- _Brief_
Hunt for the word "crayon" across the entries below, copying each line that holds it.

- _Materials provided_
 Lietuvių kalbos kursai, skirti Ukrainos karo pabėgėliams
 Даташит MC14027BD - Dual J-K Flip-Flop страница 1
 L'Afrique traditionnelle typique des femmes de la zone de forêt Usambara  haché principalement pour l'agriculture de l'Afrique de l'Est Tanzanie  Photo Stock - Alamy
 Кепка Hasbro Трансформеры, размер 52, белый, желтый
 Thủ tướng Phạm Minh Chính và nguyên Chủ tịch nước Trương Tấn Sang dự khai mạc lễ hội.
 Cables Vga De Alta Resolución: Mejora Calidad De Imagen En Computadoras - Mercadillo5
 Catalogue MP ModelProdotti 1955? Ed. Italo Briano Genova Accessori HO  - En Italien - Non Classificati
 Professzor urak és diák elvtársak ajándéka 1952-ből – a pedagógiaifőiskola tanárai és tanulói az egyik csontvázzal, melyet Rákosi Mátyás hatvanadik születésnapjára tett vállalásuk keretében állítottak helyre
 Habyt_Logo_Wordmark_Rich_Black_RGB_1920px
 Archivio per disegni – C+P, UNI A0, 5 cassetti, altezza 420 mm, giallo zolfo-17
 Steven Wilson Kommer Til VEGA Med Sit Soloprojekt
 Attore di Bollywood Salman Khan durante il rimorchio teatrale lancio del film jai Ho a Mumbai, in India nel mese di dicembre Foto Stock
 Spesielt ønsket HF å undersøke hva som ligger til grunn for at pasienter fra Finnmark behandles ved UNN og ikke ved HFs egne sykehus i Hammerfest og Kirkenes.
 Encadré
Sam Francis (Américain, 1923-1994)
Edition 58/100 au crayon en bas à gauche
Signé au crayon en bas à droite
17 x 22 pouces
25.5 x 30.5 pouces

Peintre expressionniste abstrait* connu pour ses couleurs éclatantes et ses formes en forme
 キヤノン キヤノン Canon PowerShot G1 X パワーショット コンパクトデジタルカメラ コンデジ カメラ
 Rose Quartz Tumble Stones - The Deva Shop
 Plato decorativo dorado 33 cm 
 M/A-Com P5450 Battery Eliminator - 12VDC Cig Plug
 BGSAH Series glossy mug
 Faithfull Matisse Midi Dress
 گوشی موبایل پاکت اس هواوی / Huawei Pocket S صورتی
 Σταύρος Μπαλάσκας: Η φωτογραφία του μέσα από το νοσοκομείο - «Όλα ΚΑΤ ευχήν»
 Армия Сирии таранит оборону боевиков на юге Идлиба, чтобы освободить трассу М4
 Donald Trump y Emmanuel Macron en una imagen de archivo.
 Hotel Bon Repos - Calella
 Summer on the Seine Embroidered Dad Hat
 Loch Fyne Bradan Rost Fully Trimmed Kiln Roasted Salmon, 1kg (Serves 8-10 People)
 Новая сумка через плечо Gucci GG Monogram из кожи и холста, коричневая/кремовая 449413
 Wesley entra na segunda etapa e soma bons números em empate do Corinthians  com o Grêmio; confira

- _Task solution_
Edition 58/100 au crayon en bas à gauche
Signé au crayon en bas à droite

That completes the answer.